WORK REQUIRED: Every line of the entries below from the one containing "Farberware Bakeware Steel" to the one containing "Nike SB Blazer", both ends included, must be written out exactly. No other line belongs in the answer.

Records from a collection:
══════════════════════════════

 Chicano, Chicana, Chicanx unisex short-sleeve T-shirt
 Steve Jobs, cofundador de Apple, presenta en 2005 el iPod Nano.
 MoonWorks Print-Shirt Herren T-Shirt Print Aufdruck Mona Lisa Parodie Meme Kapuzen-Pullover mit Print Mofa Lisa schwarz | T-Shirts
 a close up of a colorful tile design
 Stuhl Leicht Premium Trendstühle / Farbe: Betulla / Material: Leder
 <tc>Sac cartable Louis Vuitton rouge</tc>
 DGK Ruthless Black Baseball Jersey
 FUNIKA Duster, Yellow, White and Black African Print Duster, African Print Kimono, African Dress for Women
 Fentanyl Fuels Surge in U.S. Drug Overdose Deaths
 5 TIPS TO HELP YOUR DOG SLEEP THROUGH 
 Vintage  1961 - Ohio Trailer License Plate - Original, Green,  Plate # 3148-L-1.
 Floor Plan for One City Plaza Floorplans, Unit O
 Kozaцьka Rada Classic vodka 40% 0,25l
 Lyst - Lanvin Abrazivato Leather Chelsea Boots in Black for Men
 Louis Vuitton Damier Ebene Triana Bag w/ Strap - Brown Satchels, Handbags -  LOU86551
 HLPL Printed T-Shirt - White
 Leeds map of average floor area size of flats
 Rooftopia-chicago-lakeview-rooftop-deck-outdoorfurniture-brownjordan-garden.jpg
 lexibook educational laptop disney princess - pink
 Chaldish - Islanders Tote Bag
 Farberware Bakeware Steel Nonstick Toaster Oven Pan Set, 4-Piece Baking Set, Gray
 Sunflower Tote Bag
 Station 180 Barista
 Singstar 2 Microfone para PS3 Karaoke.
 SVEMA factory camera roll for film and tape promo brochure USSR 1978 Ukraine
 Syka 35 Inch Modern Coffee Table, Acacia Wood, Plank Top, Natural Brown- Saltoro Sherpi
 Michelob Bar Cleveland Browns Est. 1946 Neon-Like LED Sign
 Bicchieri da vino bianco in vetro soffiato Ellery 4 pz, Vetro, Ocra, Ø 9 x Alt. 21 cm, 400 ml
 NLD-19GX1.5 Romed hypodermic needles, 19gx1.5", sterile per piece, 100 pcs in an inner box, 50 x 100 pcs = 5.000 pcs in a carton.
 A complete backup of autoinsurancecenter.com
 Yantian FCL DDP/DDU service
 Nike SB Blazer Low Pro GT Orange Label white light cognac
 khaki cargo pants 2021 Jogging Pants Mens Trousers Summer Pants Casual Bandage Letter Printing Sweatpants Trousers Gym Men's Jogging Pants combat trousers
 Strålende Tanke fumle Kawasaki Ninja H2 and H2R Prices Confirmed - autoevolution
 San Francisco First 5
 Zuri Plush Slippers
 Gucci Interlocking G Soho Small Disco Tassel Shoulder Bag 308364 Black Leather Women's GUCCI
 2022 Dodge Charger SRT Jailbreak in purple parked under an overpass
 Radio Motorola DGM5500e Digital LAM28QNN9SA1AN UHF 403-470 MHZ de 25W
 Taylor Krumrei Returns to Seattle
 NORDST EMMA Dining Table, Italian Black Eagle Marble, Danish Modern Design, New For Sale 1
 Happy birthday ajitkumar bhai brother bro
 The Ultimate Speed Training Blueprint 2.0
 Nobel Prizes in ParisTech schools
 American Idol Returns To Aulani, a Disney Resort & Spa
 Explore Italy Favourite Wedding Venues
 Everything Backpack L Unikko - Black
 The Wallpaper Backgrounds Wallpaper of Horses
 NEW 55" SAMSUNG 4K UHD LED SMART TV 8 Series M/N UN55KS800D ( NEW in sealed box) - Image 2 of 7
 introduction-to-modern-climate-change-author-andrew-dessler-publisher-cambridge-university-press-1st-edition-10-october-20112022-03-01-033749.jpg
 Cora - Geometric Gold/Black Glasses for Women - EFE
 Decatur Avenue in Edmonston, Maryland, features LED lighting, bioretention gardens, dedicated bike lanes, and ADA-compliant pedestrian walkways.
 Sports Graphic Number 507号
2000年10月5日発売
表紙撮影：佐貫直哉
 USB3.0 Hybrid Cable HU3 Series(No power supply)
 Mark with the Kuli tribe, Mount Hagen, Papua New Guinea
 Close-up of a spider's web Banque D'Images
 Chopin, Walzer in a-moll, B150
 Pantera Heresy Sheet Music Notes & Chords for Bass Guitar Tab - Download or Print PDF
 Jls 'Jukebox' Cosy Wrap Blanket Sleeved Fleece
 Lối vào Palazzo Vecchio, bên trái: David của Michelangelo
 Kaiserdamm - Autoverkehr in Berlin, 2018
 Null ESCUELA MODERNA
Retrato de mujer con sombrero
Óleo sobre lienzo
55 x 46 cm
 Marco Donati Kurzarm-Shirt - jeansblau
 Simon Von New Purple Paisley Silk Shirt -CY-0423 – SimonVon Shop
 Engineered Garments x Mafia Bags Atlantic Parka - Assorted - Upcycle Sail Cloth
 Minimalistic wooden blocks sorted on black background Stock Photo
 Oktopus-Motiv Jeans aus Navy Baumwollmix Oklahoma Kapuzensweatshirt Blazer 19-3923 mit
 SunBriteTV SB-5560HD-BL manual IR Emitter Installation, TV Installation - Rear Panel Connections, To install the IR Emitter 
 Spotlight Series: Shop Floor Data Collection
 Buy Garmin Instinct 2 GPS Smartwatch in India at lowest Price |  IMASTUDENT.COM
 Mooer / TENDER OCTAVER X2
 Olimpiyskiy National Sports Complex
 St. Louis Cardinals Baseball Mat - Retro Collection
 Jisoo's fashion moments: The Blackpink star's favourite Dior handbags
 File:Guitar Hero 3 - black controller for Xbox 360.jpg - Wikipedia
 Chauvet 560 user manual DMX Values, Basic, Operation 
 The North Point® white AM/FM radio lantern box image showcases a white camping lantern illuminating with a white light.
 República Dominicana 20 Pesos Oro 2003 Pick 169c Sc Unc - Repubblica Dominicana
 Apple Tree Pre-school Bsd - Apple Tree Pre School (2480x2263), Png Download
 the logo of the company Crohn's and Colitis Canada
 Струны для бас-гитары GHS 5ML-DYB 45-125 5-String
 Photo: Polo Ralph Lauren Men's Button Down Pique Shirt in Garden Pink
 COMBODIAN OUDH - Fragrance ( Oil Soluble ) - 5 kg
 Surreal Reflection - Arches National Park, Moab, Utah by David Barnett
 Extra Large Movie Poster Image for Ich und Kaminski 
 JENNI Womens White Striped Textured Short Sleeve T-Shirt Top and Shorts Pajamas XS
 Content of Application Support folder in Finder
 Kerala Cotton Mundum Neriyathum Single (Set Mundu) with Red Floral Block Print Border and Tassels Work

══════════════════════════════

RESPONSE AREA:
 Farberware Bakeware Steel Nonstick Toaster Oven Pan Set, 4-Piece Baking Set, Gray
 Sunflower Tote Bag
 Station 180 Barista
 Singstar 2 Microfone para PS3 Karaoke.
 SVEMA factory camera roll for film and tape promo brochure USSR 1978 Ukraine
 Syka 35 Inch Modern Coffee Table, Acacia Wood, Plank Top, Natural Brown- Saltoro Sherpi
 Michelob Bar Cleveland Browns Est. 1946 Neon-Like LED Sign
 Bicchieri da vino bianco in vetro soffiato Ellery 4 pz, Vetro, Ocra, Ø 9 x Alt. 21 cm, 400 ml
 NLD-19GX1.5 Romed hypodermic needles, 19gx1.5", sterile per piece, 100 pcs in an inner box, 50 x 100 pcs = 5.000 pcs in a carton.
 A complete backup of autoinsurancecenter.com
 Yantian FCL DDP/DDU service
 Nike SB Blazer Low Pro GT Orange Label white light cognac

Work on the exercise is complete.